Raymond Nicolas Landry Poincaré (; 20 August 1860 – 15 October 1934) was a French statesman who served as President of France from 1913 to 1920, and three times as Prime Minister of France. He was a conservative leader, primarily committed to political and social stability.
Trained in law, Poincaré was elected as a Deputy in 1887 and served in the cabinets of Dupuy and Ribot. In 1902, he co-founded the Democratic Republican Alliance, the most important centre-right party under the Third Republic, becoming prime minister in 1912 and serving as President of the Republic for 1913–1920. Attempting to exercise influence from a traditionally figurehead role, he visited Russia in 1912 and 1914 to repair relations with Russia which had been strained by the Bosnian Crisis of 1908 and the Agadir Crisis of 1911. He likewise played an important role during the July Crisis of 1914 which ultimately led to France's participation in World War I. From 1917 onward, he exercised less influence after his political rival Georges Clemenceau had become prime minister. At the Paris Peace Conference, he favoured Allied occupation of the Rhineland.
In 1922 Poincaré returned to power as prime minister. In 1923 he ordered the Occupation of the Ruhr to enforce payment of German reparations. By this time Poincaré was seen, especially in the English-speaking world, as an aggressive figure (Poincaré-la-Guerre) who had helped to cause the war in 1914 and who now favoured punitive anti-German policies. His government was defeated by the Cartel des Gauches at the elections of 1924. He served a third term as prime minister in 1926–1929.
Poincaré was an International Member of both the American Philosophical Society and the American Academy of Arts and Sciences. Nicknamed Le Lion ("the Lion"), Poincaré is honored as a victorious wartime leader in France.
Early years
thumb|left|upright|Poincaré during his military service in the 1880s
Born in Bar-le-Duc, Meuse, France, Raymond Poincaré was the son of Nanine Marie Ficatier, who was deeply religious and Nicolas Antonin Hélène Poincaré, a distinguished civil servant and meteorologist. Raymond was also the cousin of Henri Poincaré, the famous mathematician. Educated at the University of Paris, Raymond was called to the Paris Bar, and was for some time law editor of the Voltaire. He became at the age of 20 the youngest lawyer in France and was appointed Secrétaire de la Conférence du Barreau de Paris. As a lawyer, he successfully defended Jules Verne in a libel suit presented against the famous author by the chemist, Eugène Turpin, inventor of the explosive melinite, who claimed that the "mad scientist" character in Verne's book Facing the Flag was based on him. At the age of 26, Poincaré was elected to the Chamber of Deputies, making him the youngest deputy in the chamber.
Early political career
Poincaré had served for over a year in the Department of Agriculture when in 1887 he was elected deputy for the Meuse département. He made a great reputation in the Chamber as an economist, and sat on the budget commissions of 1890–1891 and 1892. He was minister of education, fine arts and religion in the first cabinet (AprilNovember 1893) of Charles Dupuy, and minister of finance in the second and third (May 1894January 1895).
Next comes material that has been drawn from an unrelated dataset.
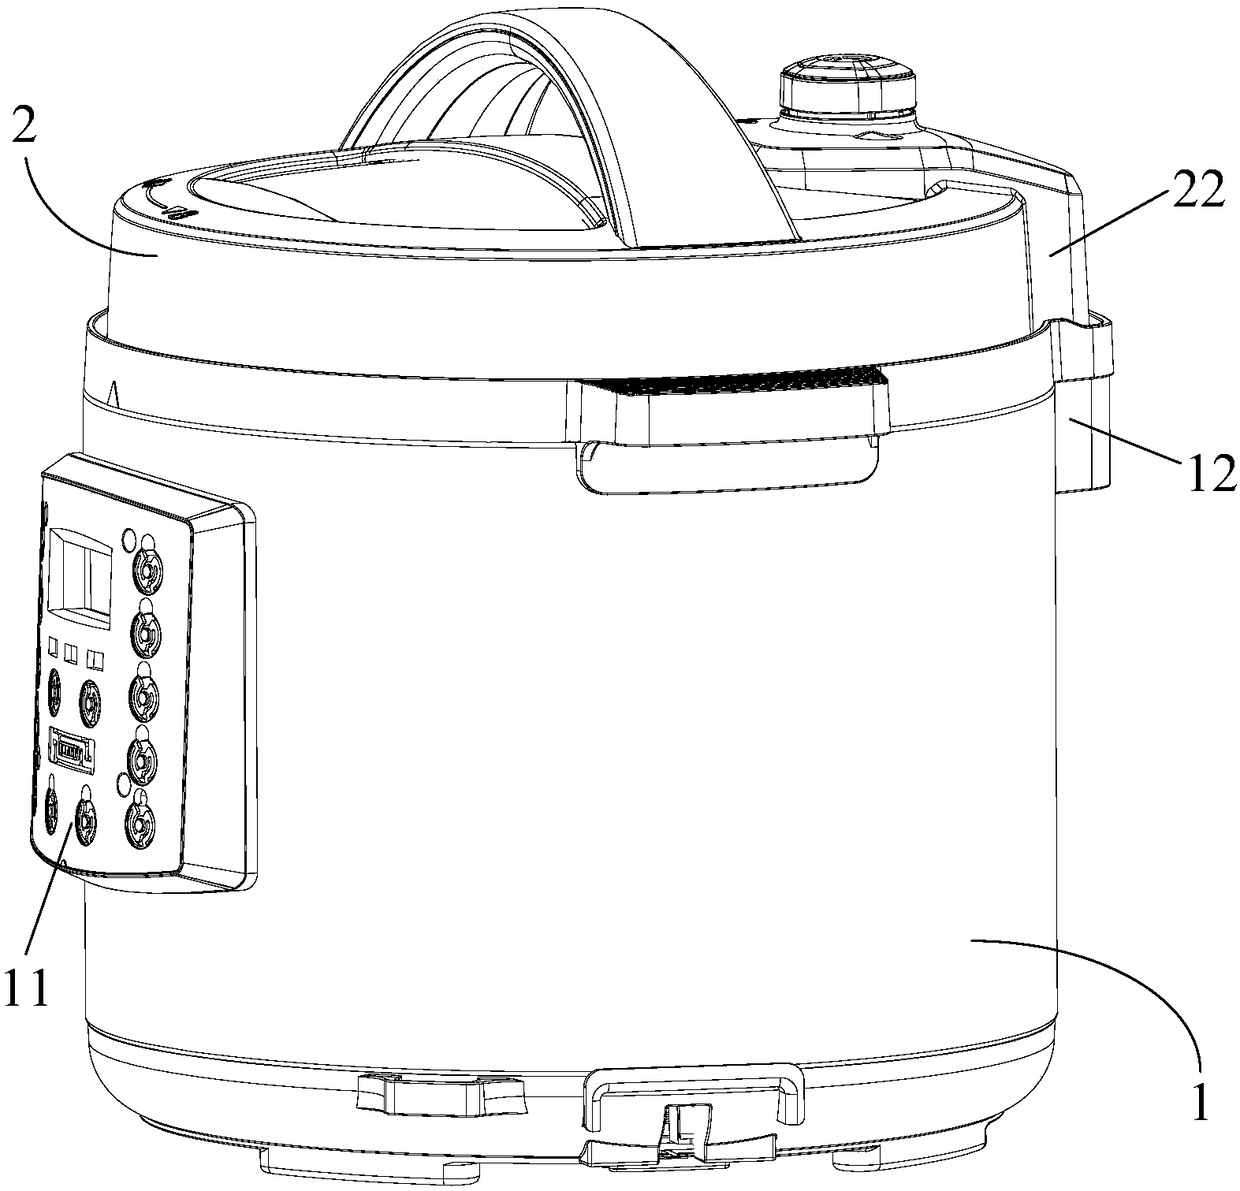 Split-type electric pressure cooker

In Alexandre Ribot's cabinet, Poincaré became minister of public instruction. Although he was excluded from the Radical cabinet which followed, the revised scheme of death duties proposed by the new ministry was based upon his proposals of the previous year. He became vice-president of the chamber in the autumn of 1895 and, in spite of the bitter hostility of the Radicals, retained his position in 1896 and 1897.
Along with other followers of "Opportunist" Léon Gambetta, Poincaré founded the Democratic Republican Alliance (ARD) in 1902, which became the most important centre-right party under the Third Republic.
In 1906, he returned to the ministry of finance in the short-lived Sarrien ministry. Poincaré had retained his practice at the Bar during his political career, and he published several volumes of essays on literary and political subjects.
"Poincarism" was a political movement over the period 1902–1920. In 1902, the term was used by Georges Clemenceau to define a young generation of conservative politicians who had lost the idealism of the founders of the republic. After 1911, the term was used to mean "national renewal" when faced with the German threat. After the First World War, "Poincarism" refers to his support of business and financial interests.
First premiership
Poincaré became Prime Minister in January 1912, and began a policy meant to block Germany's ambitions for "world power status", and worked to restore ties with France's ally, Russia. During the Bosnian Crisis of 1908-1909, the Franco-Russian alliance had been badly strained when France refused to support Russia after Austria-Hungary, supported by Germany, threatened war. During the Second Moroccan Crisis in 1911, Russia refused to support France when Germany threatened war. The lack of French interest in supporting Russia during the Bosnia crisis was the nadir of Franco-Russian relations with Tsar Nicholas II making no effort to hide his displeasure at the lack of support from what was supposed to be his number one ally. At the time, Nicholas seriously considered abrogating the alliance, and was only stopped by the lack of an alternative. Russia's refusal to support France during the Second Moroccan Crisis in 1911 reflected the enduring bitterness caused in St. Petersburg by France's refusal to support Russia during the Bosnia crisis which ended with humiliation. Poincaré believed a rift in the Franco-Russian alliance could only benefit Germany. Germany would be encouraged to think that it was possible to threaten war with France as the Russians might not honour the alliance. In August 1912, Poincaré visited Russia to meet Tsar Nicholas in order to strengthen diplomatic ties. Poincaré believed the rapprochement would deter Germany from risking a demarche to war, and thus avoid a repeat of the Second Moroccan crisis. The Russian Foreign Minister, Sergey Sazonov, in a report to Nicholas wrote that, after meeting Poincaré: "Russia possesses a sure and faithful friend, endowed with a political spirit above the line and an inflexible will.".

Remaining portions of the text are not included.